Is the distinction between level-based or stage-based and having a single open area like say, Super Metroid or Elder Scrolls?
In short, use better terminology.

Linear, generally.
Define "open world" though. You mean something like Dark Souls (which isn't technically open world but its not quite linear either) or something like a GTA game?

I generally like linear games. Most open-world games feel like they're lazy in design. The only genre of titles I have not had that experience with are JRPGs.

Linear games that don't feel linear are better than open world games that feel linear.

Linear. Open world generally means traversing empty boring fields completely wasting time or using fast travel which negates the open world entirely. I do like having wiggle room in linear games though, like exploring to find secrets, finding an alternate route to flank the enemy from/enter building, etc. I also like if the game has you figure out where to go like in DOOM instead of having markers pozzing up the screen or having to follow NPCs and need to wait for them to open a door to continue and stupid shit like that.

Both are infinitely superior to randomly generated levels though.

Whatever is more fun.

Depends on the genre. If there is lots to do outside of the main plot then open world, definitely. Otherwise open world generally means empty. There are lots of games that are open world with lots of missions around but nothing between them. Plenty more that have lots of side missions that are complete garbage and aren't even worth doing.
At times I wonder if these modern games would be better off with a warp room instead of an open world.

Hmm, I'd have to say something that's not all of one or the other. I like not being railroaded through the game, but I don't mind having multiple wide-open areas linked together. I prefer games where I can do stupid side missions to become godly powerful, or the savior of the kingdom, if I see fit. Not asking every game to be Way of the Borderlandurai like a Dragon, but I'd like some not-shit games where I can start as fucking nobody, and work my way up to being a veritable god, even if the plot doesn't call for it.

Alas, only shit games are allowed.

Both.
Non linear-level selection is pretty good.
Good examples are megaman or demon's souls.

Linear open world.

Do you start with a teleport ability in DS3?

Multi-linear games like warframe and deus ex are the best in terms of level design.

Why do things one way when you could use the same space to them 3 ways?

I prefer open world, but only in concept. There isn't an openworld game that I think is really all that fantastic.

You start with teleport ability in most open world games.

A well-crafted linear game is usually better than a well-crafted non-linear game, because a well-crafted game is almost always more fun than what the player would do if left to their own devices. However, a poorly-crafted linear game is usually worse than a poorly-crafted non-linear game, because even if the non-linear game blows, you can usually still squeeze some fun out of fucking around the open world, while the poorly-crafted linear game is just going to be shit no matter what you do.

It really comes down to the skill of the developers.

Open world, i know they are casual and most are badly done shitty theme-parks or just "pseudo-open world" but fuck it i like it especially if the PC is a blank-slate i can build my character around.

This reminds me, i bought physical copy of Witcher 3 last christmas and i've yet to even try it because the whole thought of open-world with set protag that you can't really make yourself abhors me.
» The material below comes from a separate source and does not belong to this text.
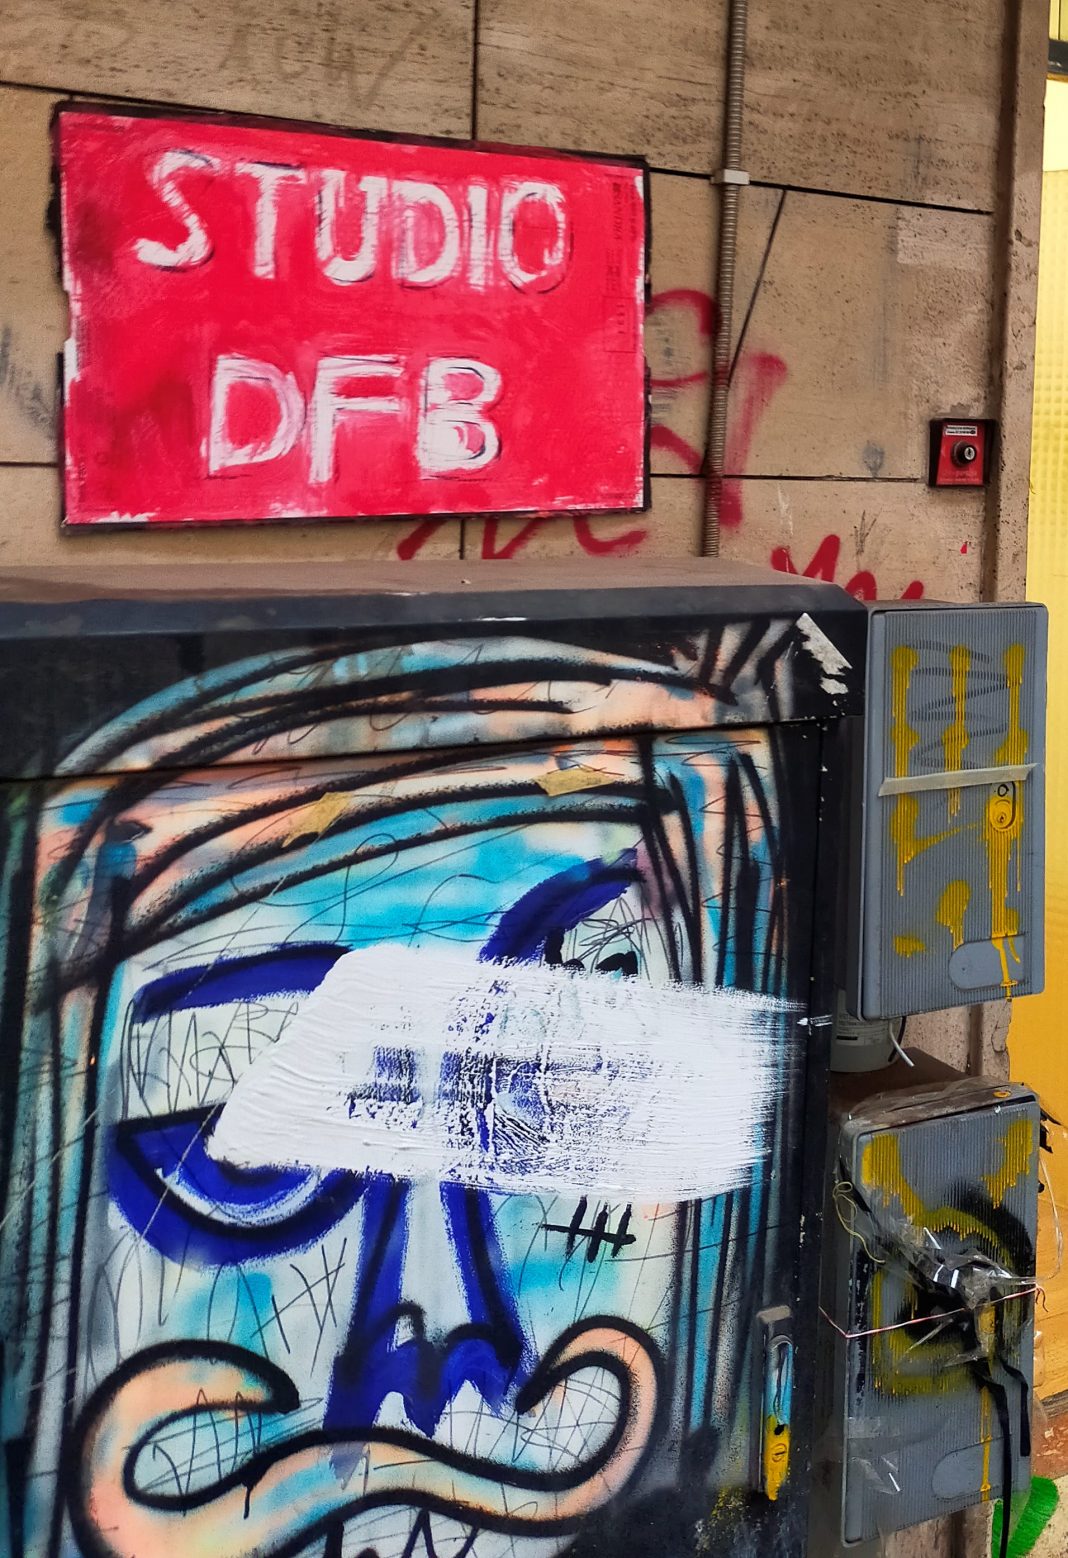 Studio DFB Alberto Di Fabio

Same reason i haven't touched Fo4 either as apparently it really railroads you into it's PC character which sounds really shittily done from what i've gathered.

Where does pic related fit? It's not restrictive like Cawadoody, or aimless like GTA.

I prefer mixed.
Somewhere where you're not fucked up by PONRs, but the scope is limited enough to say you're free to do what you want within the game's mechanics and still makes sense and isn't fucking empty

Traditional RPG.

Non-linear and open world are not the same thing.

I'm on to you, you… you degenerate traitor!

Open level/Interconnected world (like Metroid Prime)

I might as well elaborate on why I prefer open world games in concept only.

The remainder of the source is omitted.